Movieline recently spoke with the 55-year-old actor-playwright-songwriter about the quirky dynamics of Paper Man, when it's OK to have a voice in your head, and the writing methods that help him pen an entire play in a month or less.

This one took years to get going, and--

They all do nowadays! They all do.

How long had you stuck with it?

I think I read it a year before we did. When did we do it? November 2008? So I probably read it at the end of 2007 and wanted to do it. And was going to do it, but then they had trouble getting the money, and then I did this Tommy Tune thing. And I waited. And it was great, because I'm glad Lisa and Ryan and Emma were able to do it. Part of it was me just taking some other things while they tried to get the money.

I was just looking at the poster for this film -- and its tagline, "It's grow-up time." Does it have to be so all-or-nothing? Must Richard make such a clean break from his imaginary friend? The voice in his head?

Well, a voice in his head is one thing. Having Ryan Reynolds as your imaginary friend dressed in a cape who seems to control your life in a way where you can;t even move to the first sentence of your next novel -- or into Wednesday? You're stuck. I think there's moderation in having a "voice in your head." I think it's not just being stuck with writer's block; he's stuck in his life. He needs to get rid of that imaginary friend who he probably should have gotten rid of years ago, but he doesn't know how to do that. I think what he finds in Emma Stone's character -- the 17-year-old girl -- I think they know instinctively that whatever it is they're missing, or whatever they need to move on, is in that other person. Early on, they know it's beyond sexual; that isn't it. It's bigger than that, and they realize it's bigger than that. But they don't know what it is. I think that's what I found interesting about the story: that search.

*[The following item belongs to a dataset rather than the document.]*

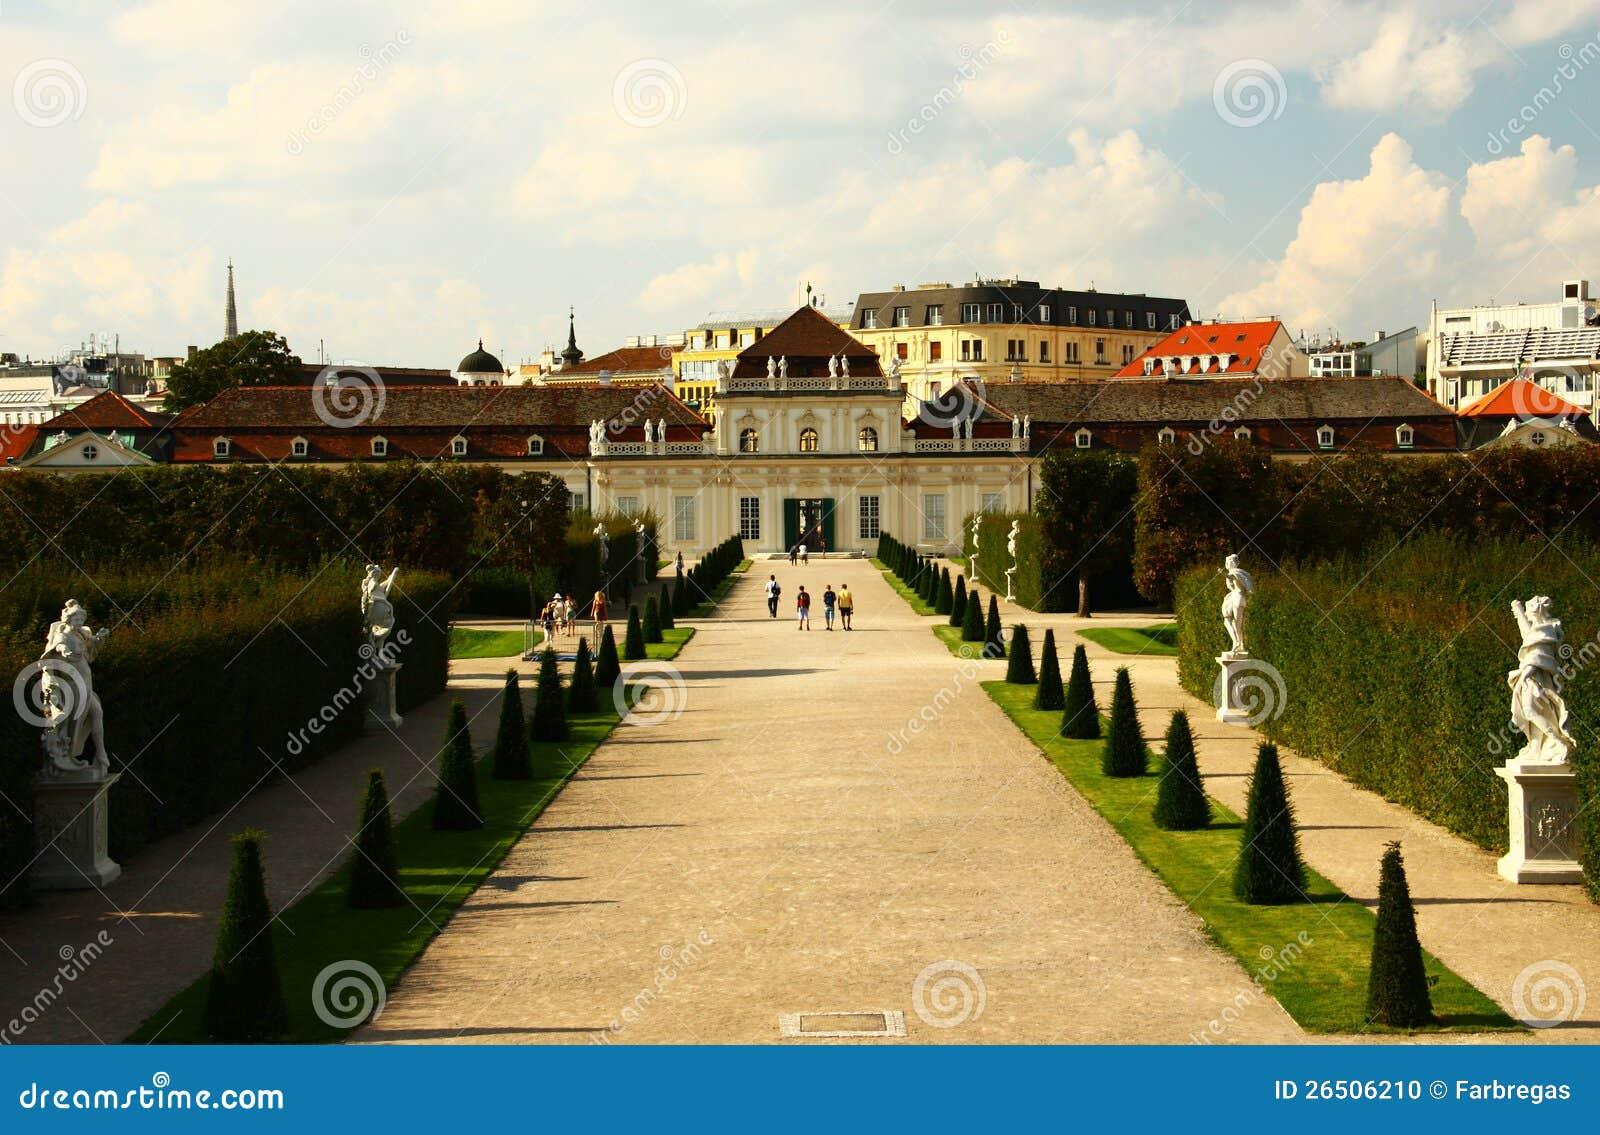 Palácio do Belvedere, Viena
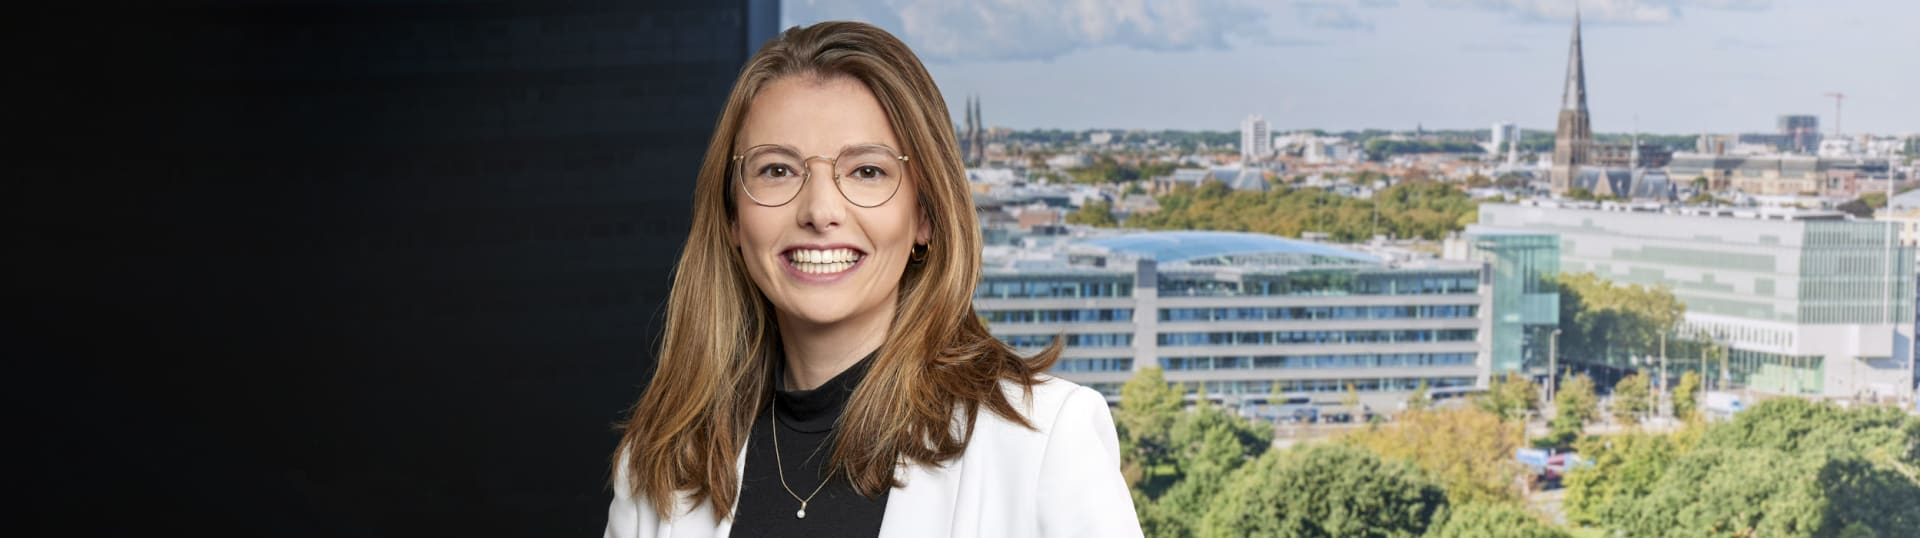 Djamilla Wijnen, advocaat Pels Rijcken

I asked Emma this question as well, but what is Richard and Abby's relationship? I mean, there is some sexual tension there.

Yeah, and I get drunk, and I say... Yeah, that isn't it. Dead end. It's beyond that. What is it? I don't think he knows. For me, it's that person who understands you better than you do. It's supposed to be wife. In Richard's case, he doesn't think it is; in the end, he hopes it can be again. He doesn't understand himself, and he needs someone to understand him. Strangely, without even knowing her, she does. Or she doesn't find his struggles crazy or nuts or abnormal or outrageous as others in his life do. So there's that kind of "It's OK, I know what you're going through" thing that this young girl is for him. It's a search. It's a quest.

As a writer yourself, from where do you draw inspiration?

I learned from observing some of the best I've gotten to work with. Woody, Jim Brooks, Gary Ross and Pleasantville, Lanford Wilson. They all have radar. They all are listening and taking mental notes all the time. If you've got the radar working, then you're open to anything, whether it's a comment -- Lanford is really good at this -- or just something that somebody says in a diner that he happens to overhear. Off it goes, and this becomes that, or this becomes the reason he said that. The argument that they're having in the corner, you start to imagine as a scene -- as two lives that you want to write about.

Another thing that triggers it is when you have a question about something. Or you're angry about something, pissed off about something, and you want to resolve that somehow. Or not.